I have had a freeze on my accounts at the Credit Reporting Agencies for years.  In addition to the obvious benefits I have found that it gives me an out when being pressured to enter into a financial transaction.  I just say "the Pass Word to temporarily remove my freeze is in my safe at home".

George


----------



## Bill4728 (Nov 15, 2016)

Just a general question /comment 

I don't believe that  Poi Pu  isn't in the us collection  so how in the world did DRI give her US collection points when the TS she gave up was not in the US collection?


----------



## geist1223 (Nov 16, 2016)

We are Members of the DRI Hawaiian Collection. We have had offers from DRI Main Sales Office to move all our Points to the US Collection if we will buy additional Points.


----------



## T_R_Oglodyte (Nov 16, 2016)

Bill4728 said:


> Just a general question /comment
> 
> I don't believe that  Poi Pu  isn't in the us collection  so how in the world did DRI give her US collection points when the TS she gave up was not in the US collection?


Easy. She surrenders the deed, swapping the deed for a UDI in the US Collection.  Once she gives up the deed, she is not tethered to Hawaii.  

She could as easily swap her deed for points in any of the Collections.


----------



## bradfordHI (Dec 9, 2016)

[Deleted: TUG rules prohibit "doing business" in the discussion forums, and this thread is 6 mos. old - the OP has not been back to TUG since June.]


----------



## Arizona Ooops (Jun 11, 2018)

vacationhopeful said:


> RESCIND! ... Today is the last day to get that "cancel this purchase" certified letter into the USPS. Hand write it, photo copy it, take to post office and certified mail it. Do NOT COUNT the day she sign the contract.
> 
> Do not wait. Call in sick (you are sick about this issue, right?). Do not THINK about it... and heaven forbid, DO NOT CALL THE SALESPERSON OR THE RESORT OR THE COMPANY! Their only goal is to get a commission check and.or your money.


I want to recend a contract I signed today.    How do I give back the tablet they gave me for signing up?   

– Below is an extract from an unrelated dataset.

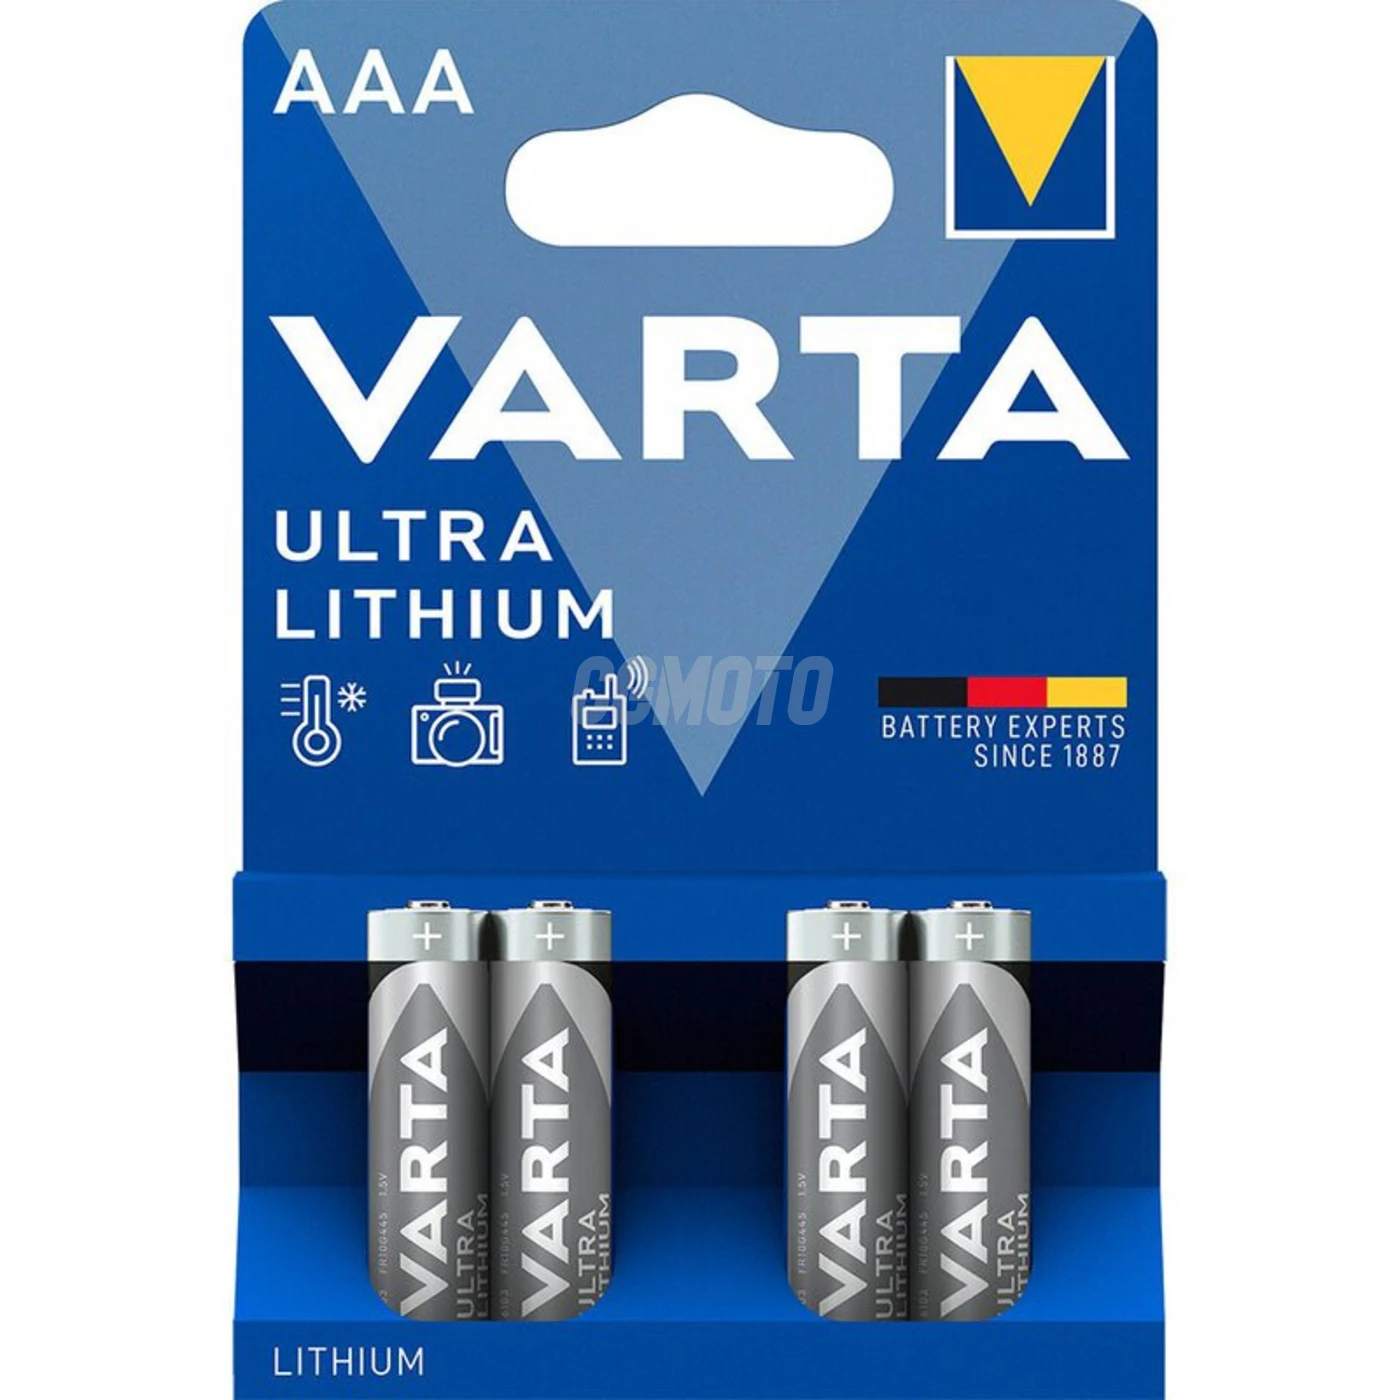 Varta lithium MINI STILO/AAA x 4 pile (blister)

I am still on the property for one more day.   Do you think I can cancel here at the office and be able to hand them back the tablet or is that asking for trouble?


----------



## Arizona Ooops (Jun 11, 2018)

Arizona Ooops said:


> I want to recend a contract I signed today.    How do I give back the tablet they gave me for signing up?
> 
> I am still on the property for one more day.   Do you think I can cancel here at the office and be able to hand them back the tablet or is that asking for trouble?


One more question.  I see some say they also faxed the cancel letter.   Do you have a fax #?  Don't see one listed on my paperwork.  Thx!


----------



## sb2313 (Jun 11, 2018)

Arizona Ooops said:


> I want to recend a contract I signed today.    How do I give back the tablet they gave me for signing up?
> 
> I am still on the property for one more day.   Do you think I can cancel here at the office and be able to hand them back the tablet or is that asking for trouble?


That might be asking for trouble. Ensure you fellow the rescind instructions 100%, which likely includes sending a letter in via mail- not dropping by the office.


----------



## artringwald (Jun 11, 2018)

You don't want to talk to anybody on the property. They could possibly give wrong information about rescinding, or try and talk you out of it. As Steve said, you want to read the contract carefully and follow the rescind instructions exactly.


----------



## Passepartout (Jun 11, 2018)

Ideally, you should rescind by mail. Certified, so that you get a receipt and will know that it was delivered (it's the postmark that counts). If the tablet was a gift for buying, return it (again, by mail with a receipt). If it was a gift for attending the presentation, it's yours. We suggest NOT rescinding in person, as it just gives the salesweasels another crack at you. They are well trained to counter any argument you present and can- and will shame you for wasting their time or taking food our of their kids' mouths- ANYTHING to save the sale.

Best Wishes

Jim


----------